In step 1310, the enterprise generative artificial intelligence system generates, by a generative artificial intelligence model using the related information, an answer to the question. In some embodiments, a comprehension module (e.g., comprehension module 916) generates the answer. The generative artificial intelligence model and the multimodal model may be the same model. The generative artificial intelligence model and the multimodal model may be different models.
In step 1312, the enterprise system displays, through the graphical user interface, the answer to the question. In some embodiments, the interface module facilitates the display.
In various embodiments, managing the different agent programs may include iterative processing or multiple instructions from the orchestrator. The retrieving may include retrieving time series data, structured data, and unstructured data. The agent programs may instantiate a tool to perform an operation on the instruction, the retrieved data, or intermediate data. The agent programs may execute operations, such as calculation, translation, formatting, and/or visualization. The one or more agent programs may be trained on different domain specific machine-learning models. The agent programs may employ a type system to unify incompatible data from disparate data sources.

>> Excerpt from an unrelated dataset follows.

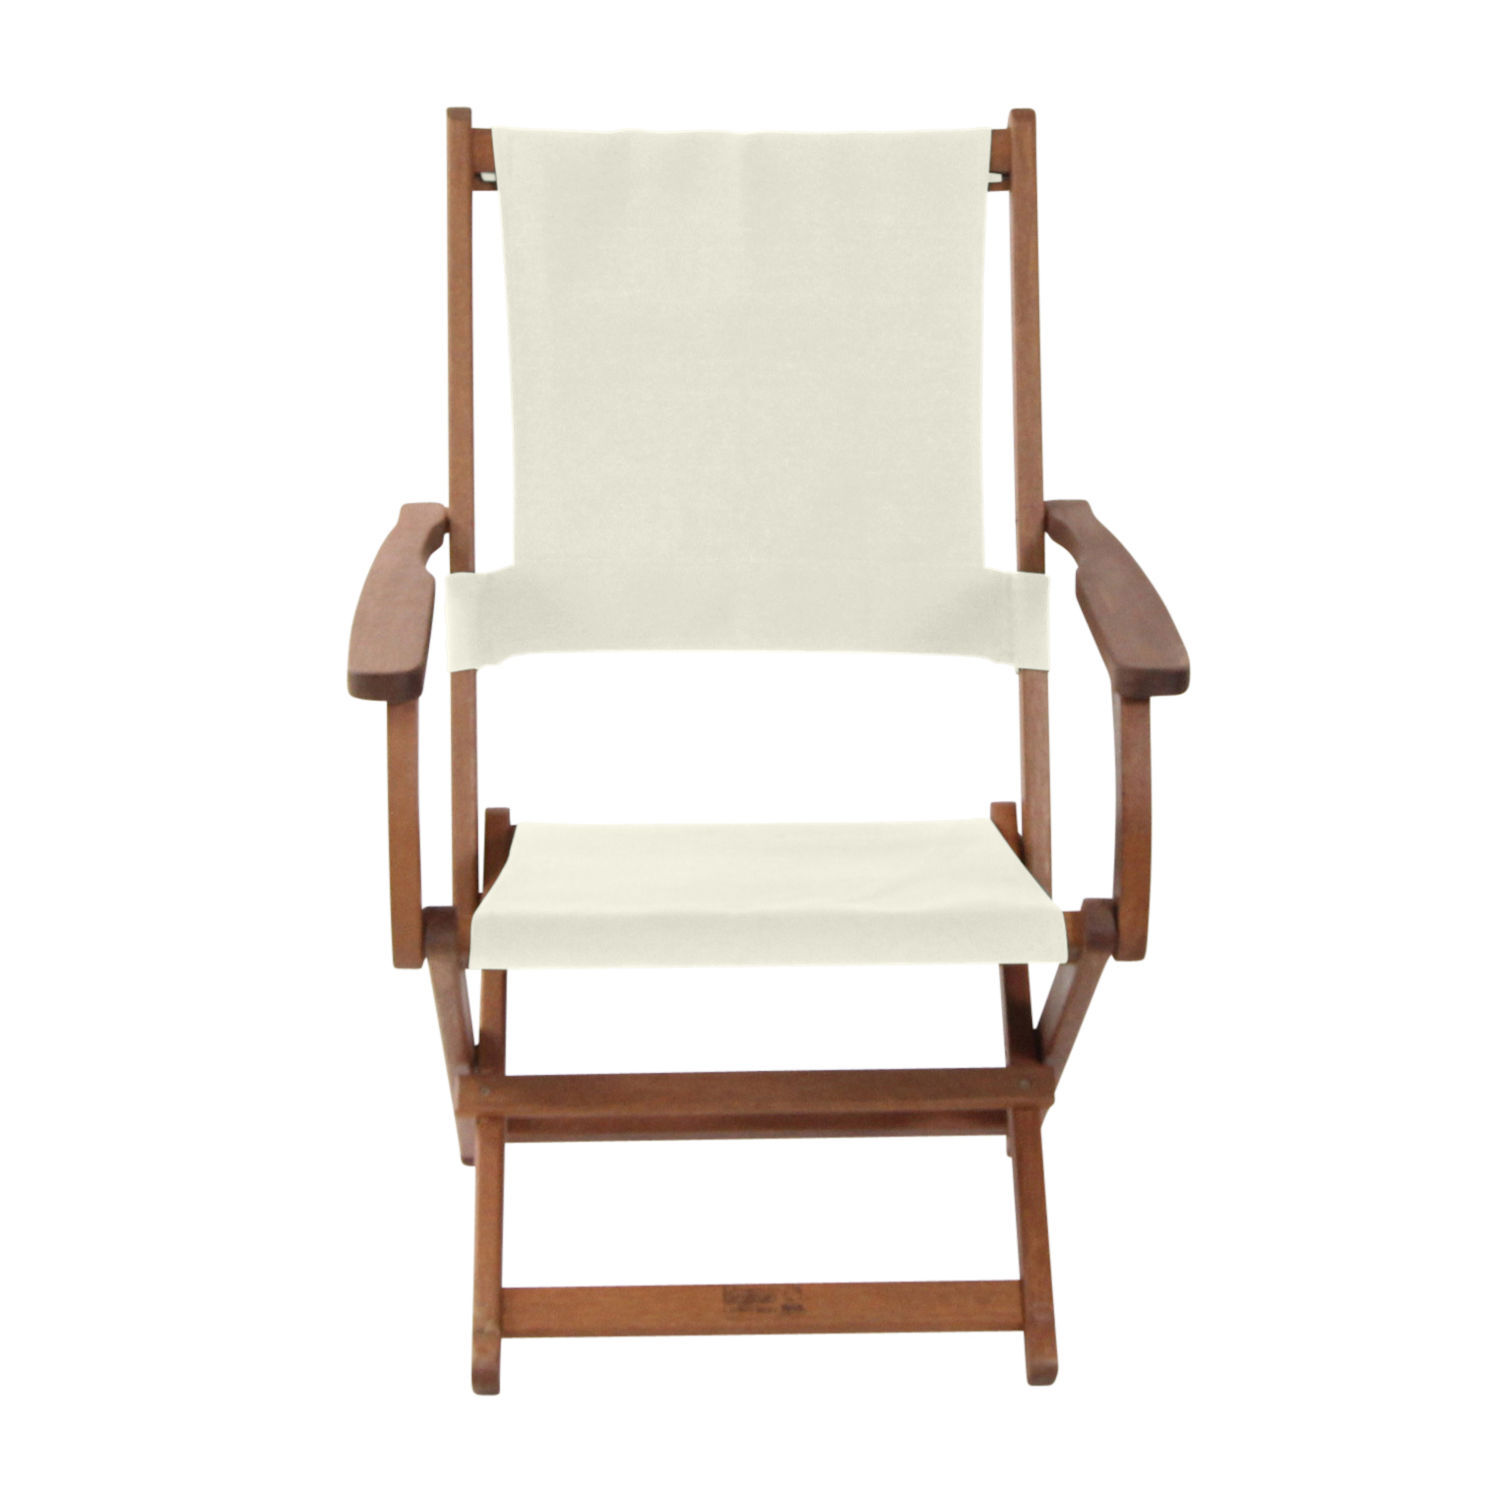 Perfect for Patio/Deck Holds Up to 250 lbs Wood Camp Chair Green Single Pangean Joseph Byer Chair Deck Chair 36 H x 24 W x 25 D Hardwood Patio Chair Wood Folding Chairs BYER OF MAINE 
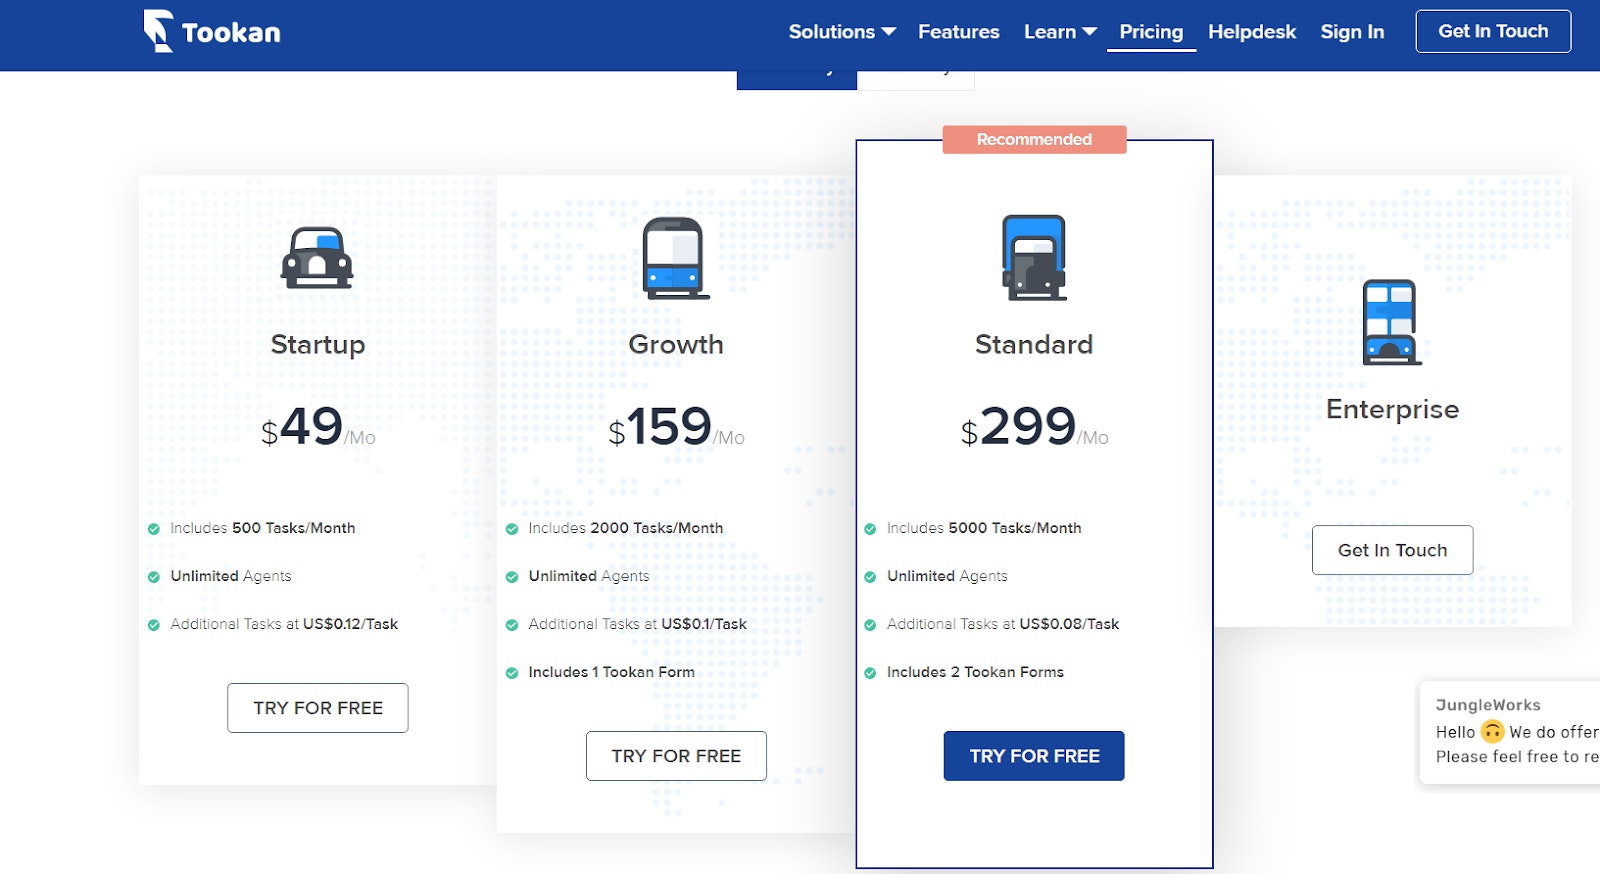 Image shows Tookan's pricing page, highlighting the standard package at &#36;299 per month.

In step 1404, the anti-hallucination and attribution module (e.g., of the enterprise generative artificial intelligence system) parses the output from a generative model into chunks to be attributed to one or more source passages. The anti-hallucination and attribution module may be an extension of the enterprise generative artificial intelligence system and/or a component of the enterprise generative artificial intelligence system. In some embodiments, a response parser (e.g., response parser 112) parses the output into chunks.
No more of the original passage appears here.